Experts argue that artificial intelligence algorithms are not neutral because they are trained on data produced by humans [1, 2, 3].
This lack of neutrality matters because AI systems are increasingly integrated into global decision-making processes. If these systems embed invisible biases, they may automate and scale existing cultural or ideological prejudices without oversight.
Commentator Wario Duckerman and specialists cited by La Nación said that algorithms embed human cultural and ideological biases [1, 2]. Because AI learns from human-generated data, true neutrality is impossible [1, 2]. These biases are not errors in the code but reflections of the data sources themselves.
The debate has gained momentum this year across the U.S., Europe, and China [2]. In Spain, the discussion reached a local level during a breakfast event in Gijón, Asturias. More than 80 people [4] attended the gathering to discuss the necessity of setting limits on artificial intelligence and maintaining a healthy skepticism toward algorithmic outputs.

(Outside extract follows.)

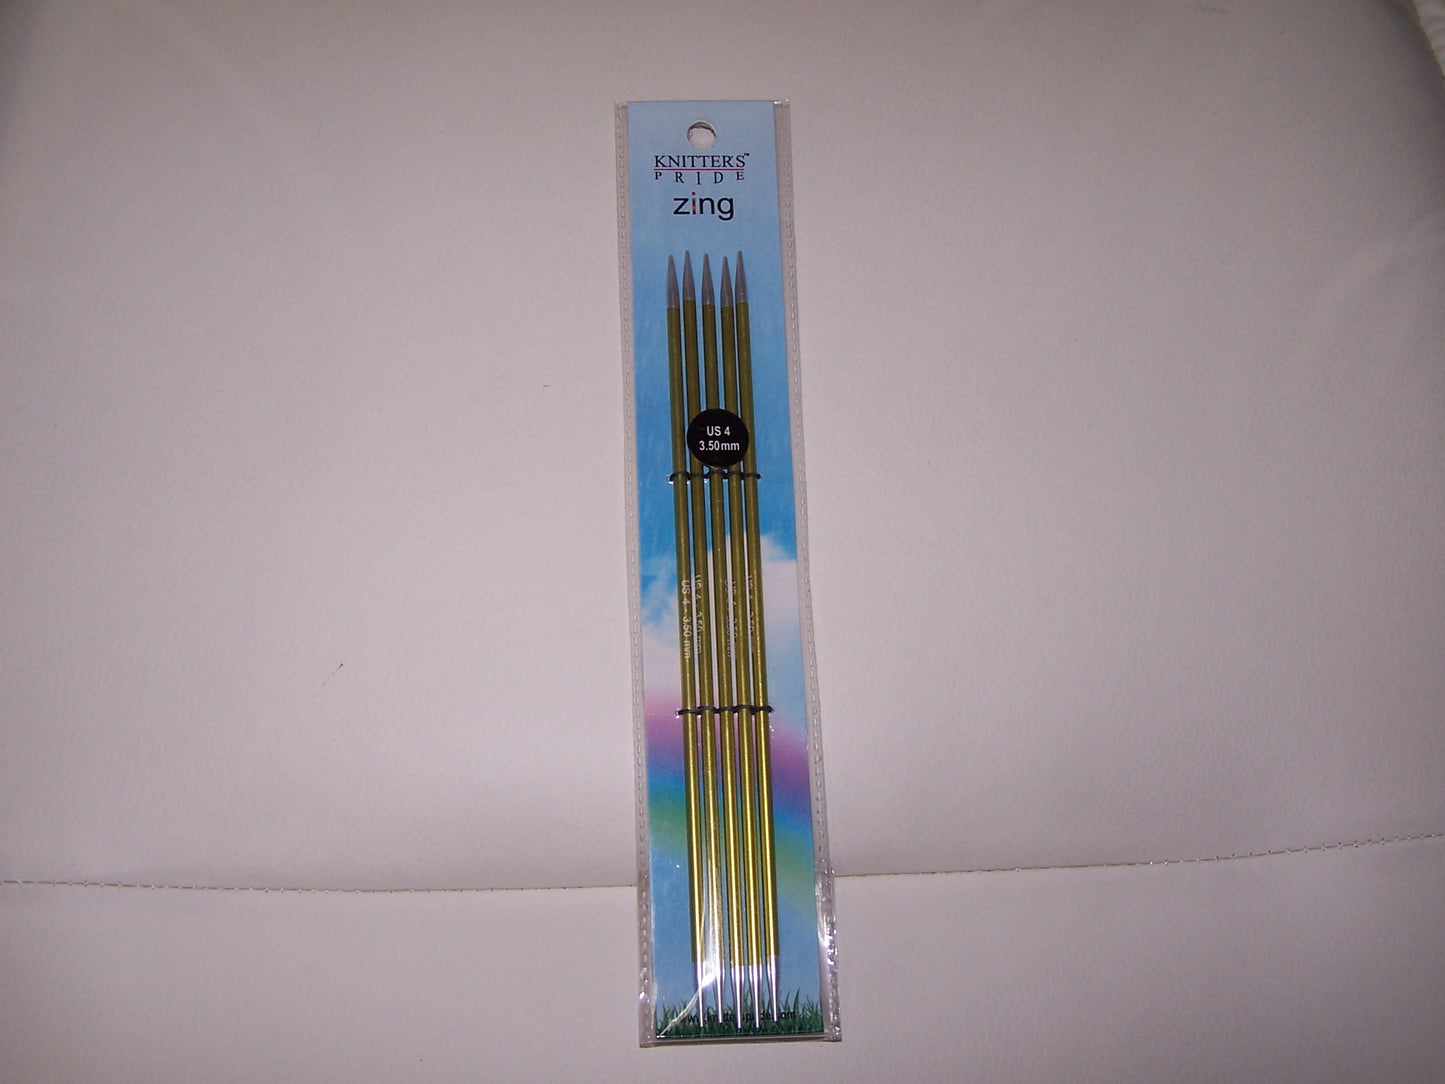 Knitters Pride Zing US 4 (3.50mm) size 8 inch DPN's

Other reports from Latin America and the Caribbean highlight that the intersection of ethics and technical capacity is a primary concern for the region [3]. The ongoing dialogue suggests that the "invisible" nature of these biases makes them particularly dangerous, as users often assume a machine is objective [1].
Regulatory discussions in 2026 have focused on how ethics and regulation can shape the objectives of AI development [5]. Experts said that recognizing the myth of neutrality is the first step toward creating more transparent systems.
“Algorithms are not neutral because they are trained on data produced by humans.”
The shift in the AI discourse from technical capability to ideological transparency indicates a growing recognition that software is not a neutral tool. By acknowledging that algorithms inherit human prejudice, policymakers and developers are forced to move toward 'explainable AI,' where the origin of a decision can be traced back to its training data rather than being accepted as an objective mathematical truth.